_Supplied information_:
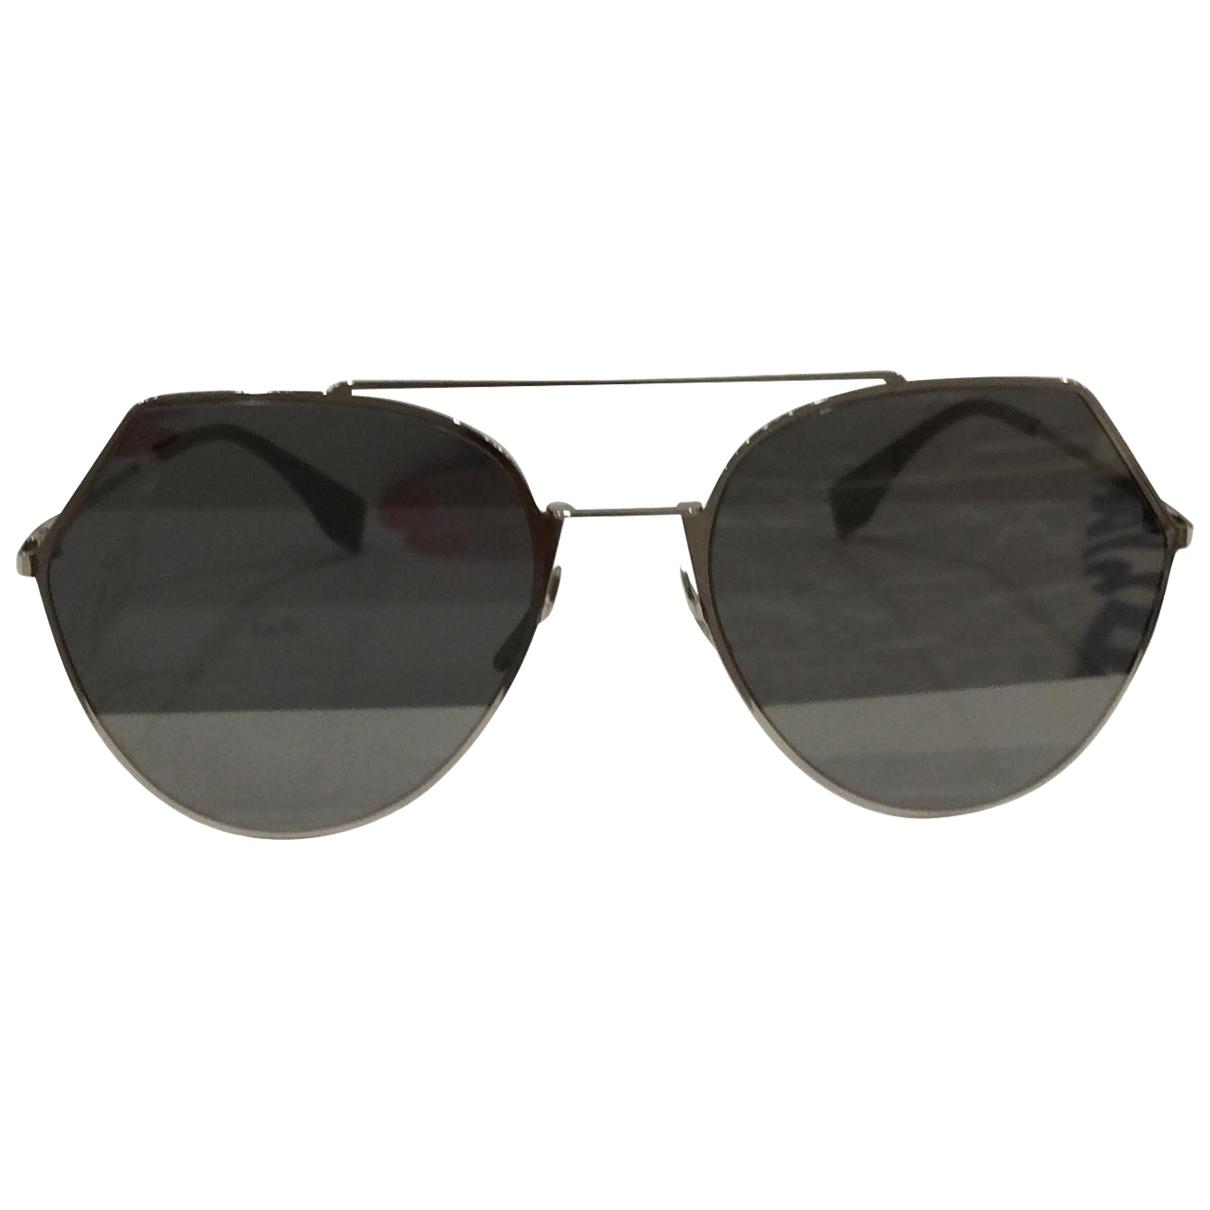 Fendi N Silver Metal Sunglasses for Women N
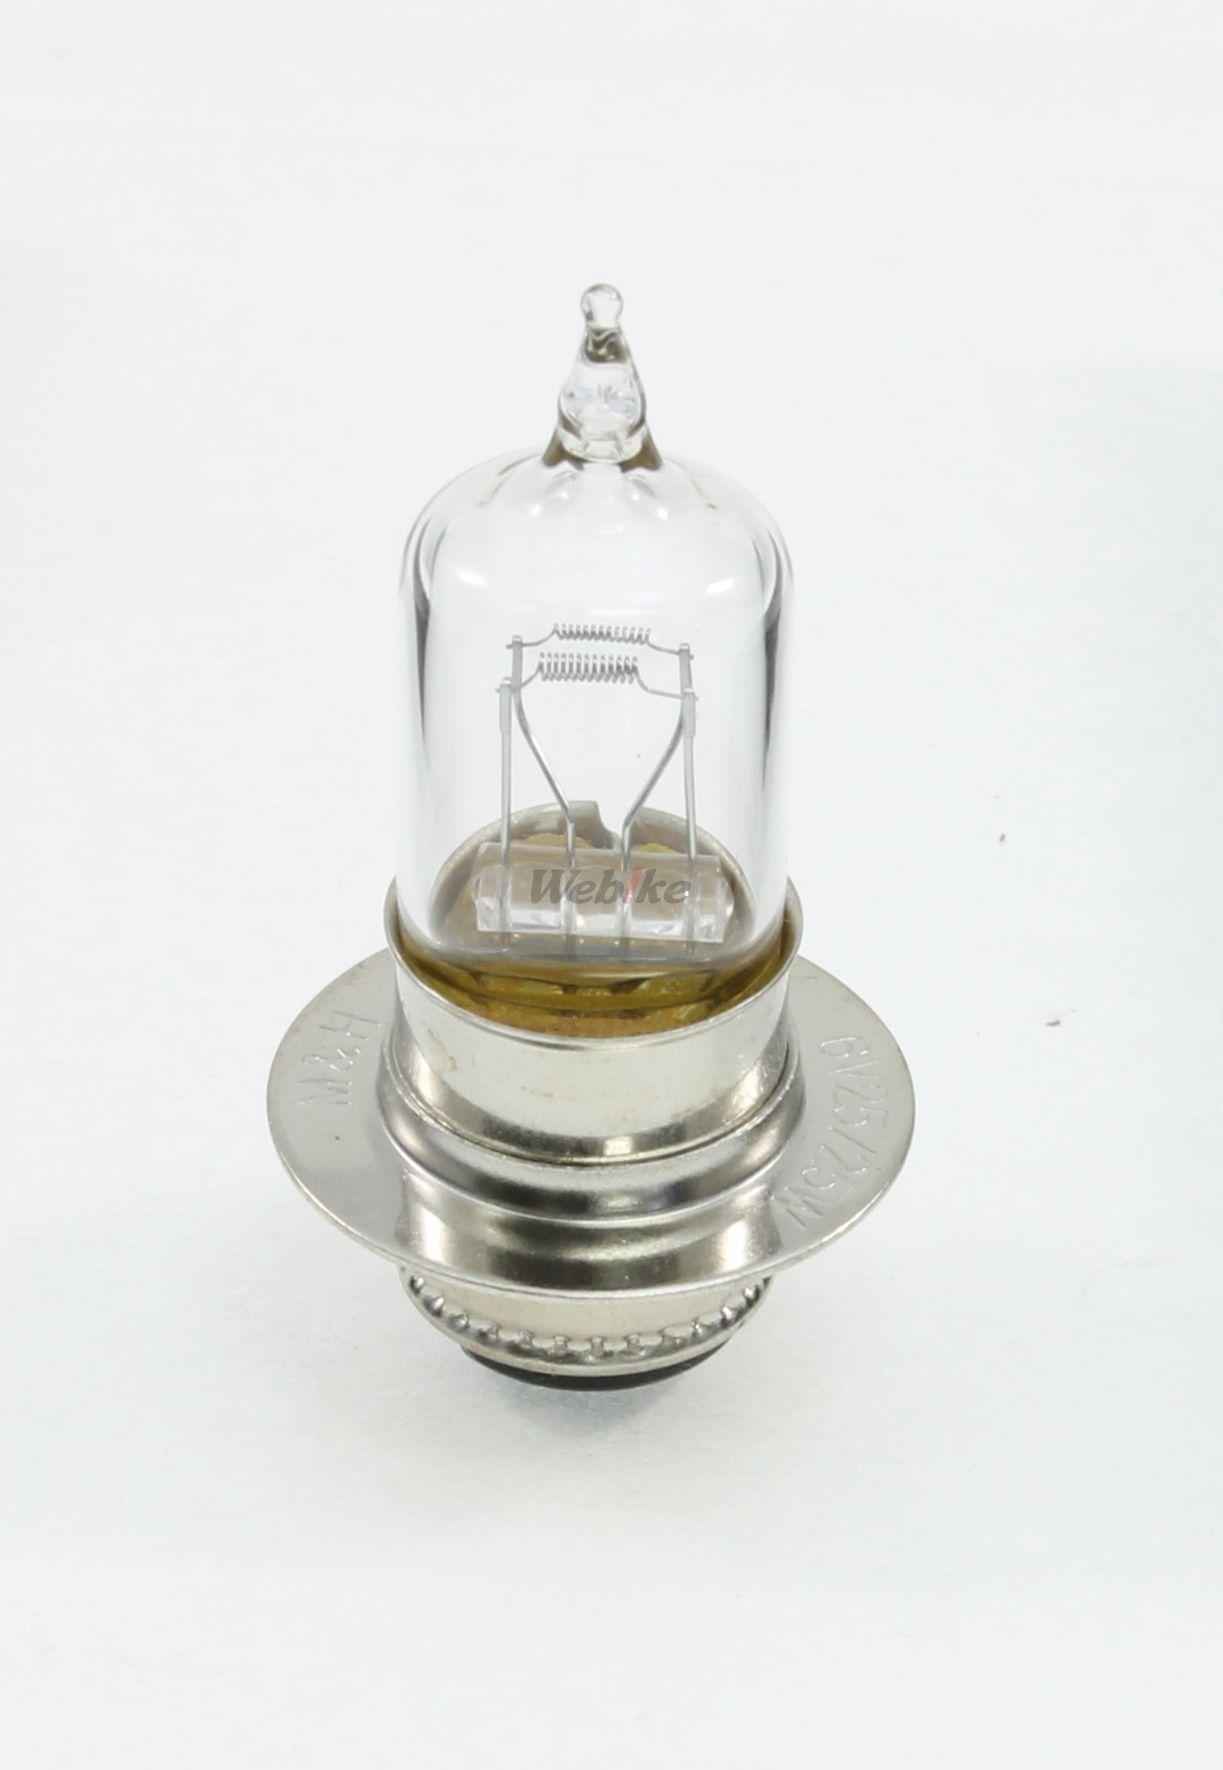 【M&H】標準型鹵素頭燈 PH9 - 「Webike-摩托百貨」
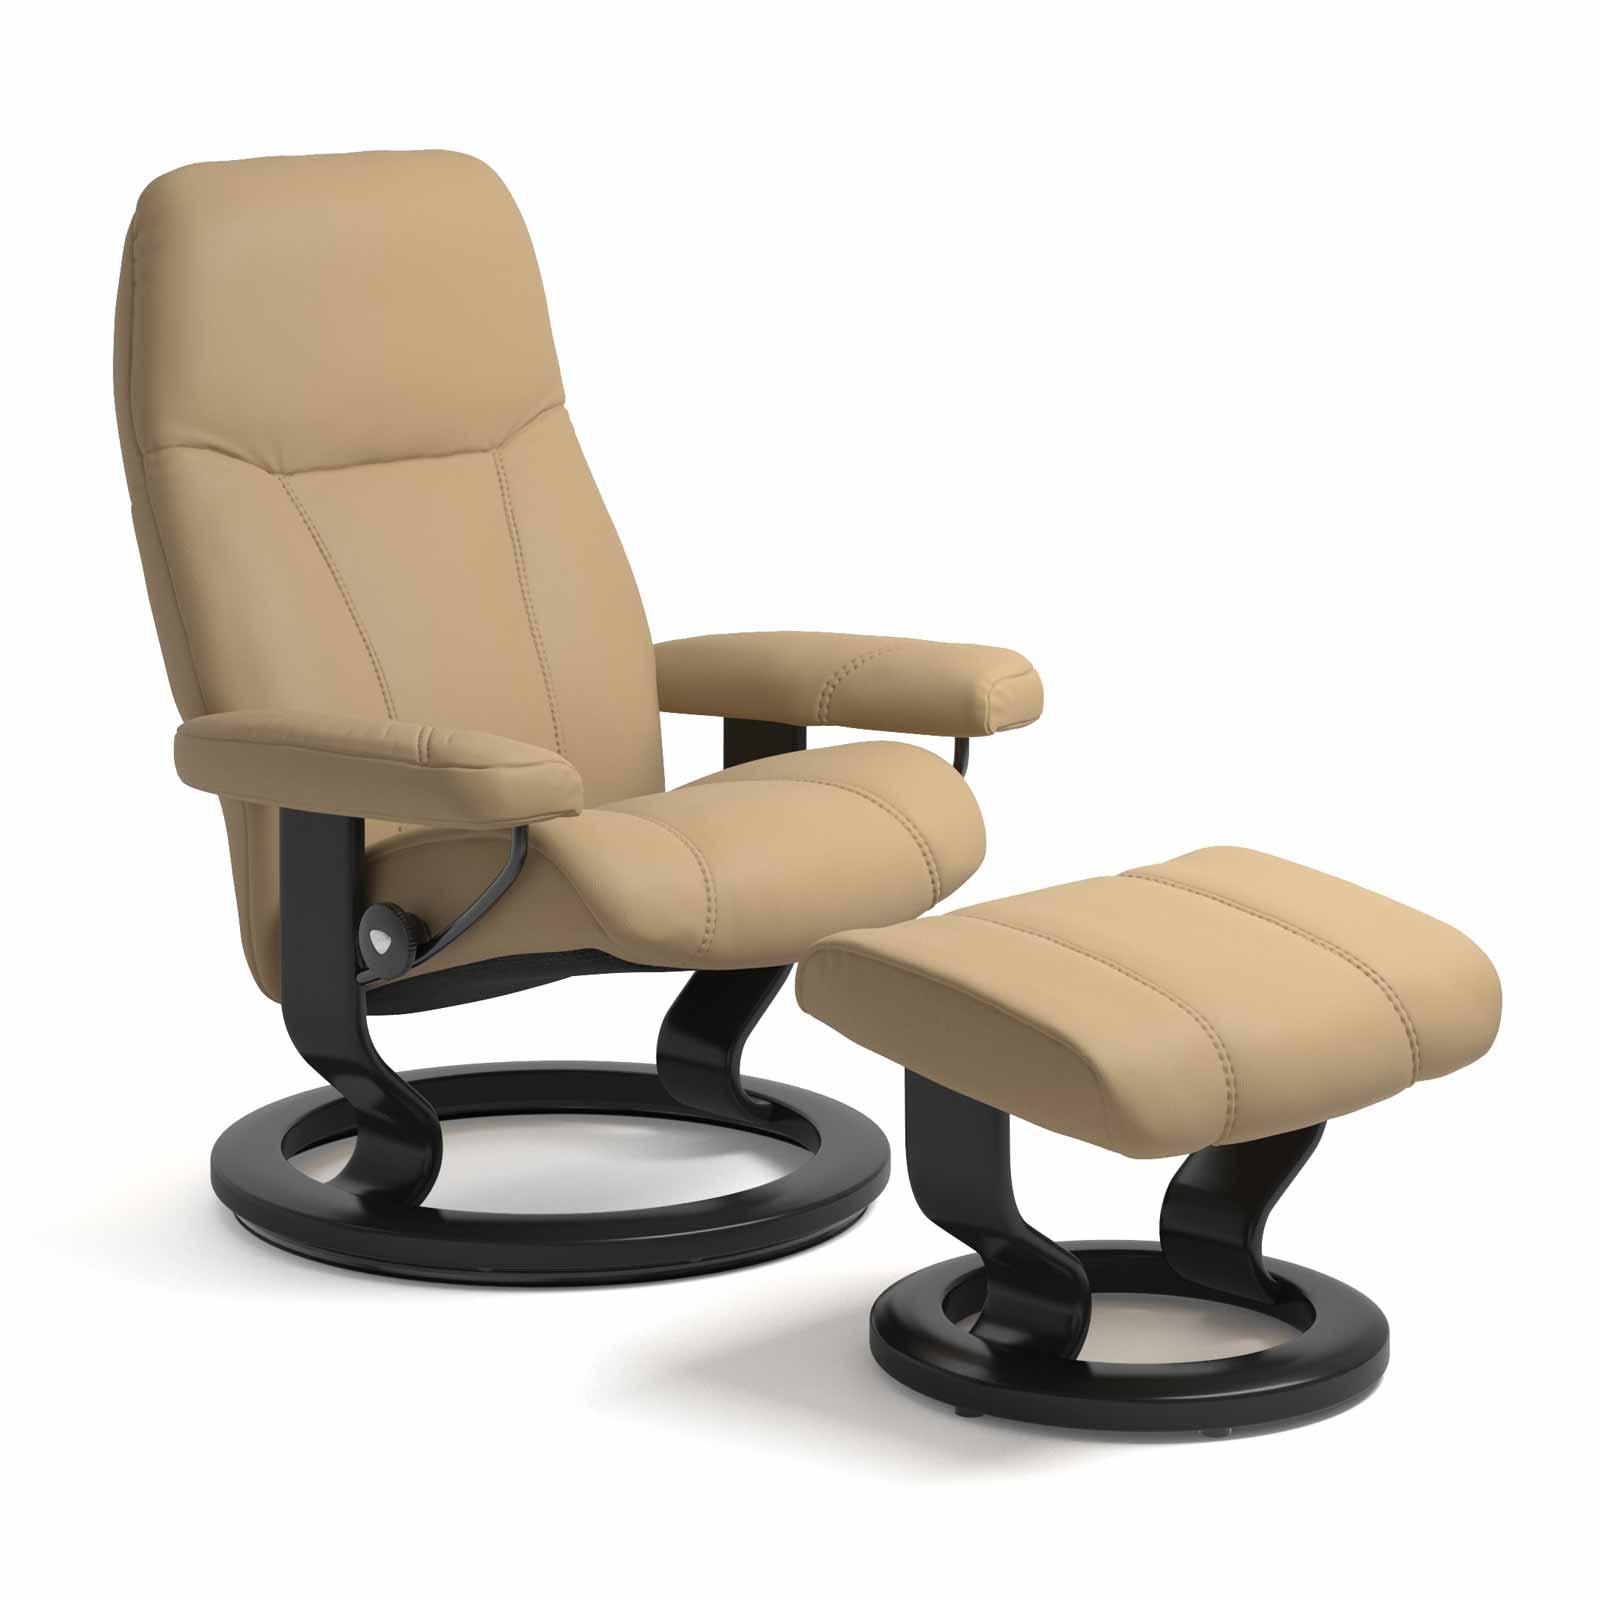 stressless consul classic sand mit hocker stressless shop. Black Bedroom Furniture Sets. Home Design Ideas

_Exercise aim_: Take the data above and repeat it exactly, leaving each picture out.

_Exercise output_:
 Fendi N Silver Metal Sunglasses for Women N
 【M&H】標準型鹵素頭燈 PH9 - 「Webike-摩托百貨」
 stressless consul classic sand mit hocker stressless shop. Black Bedroom Furniture Sets. Home Design Ideas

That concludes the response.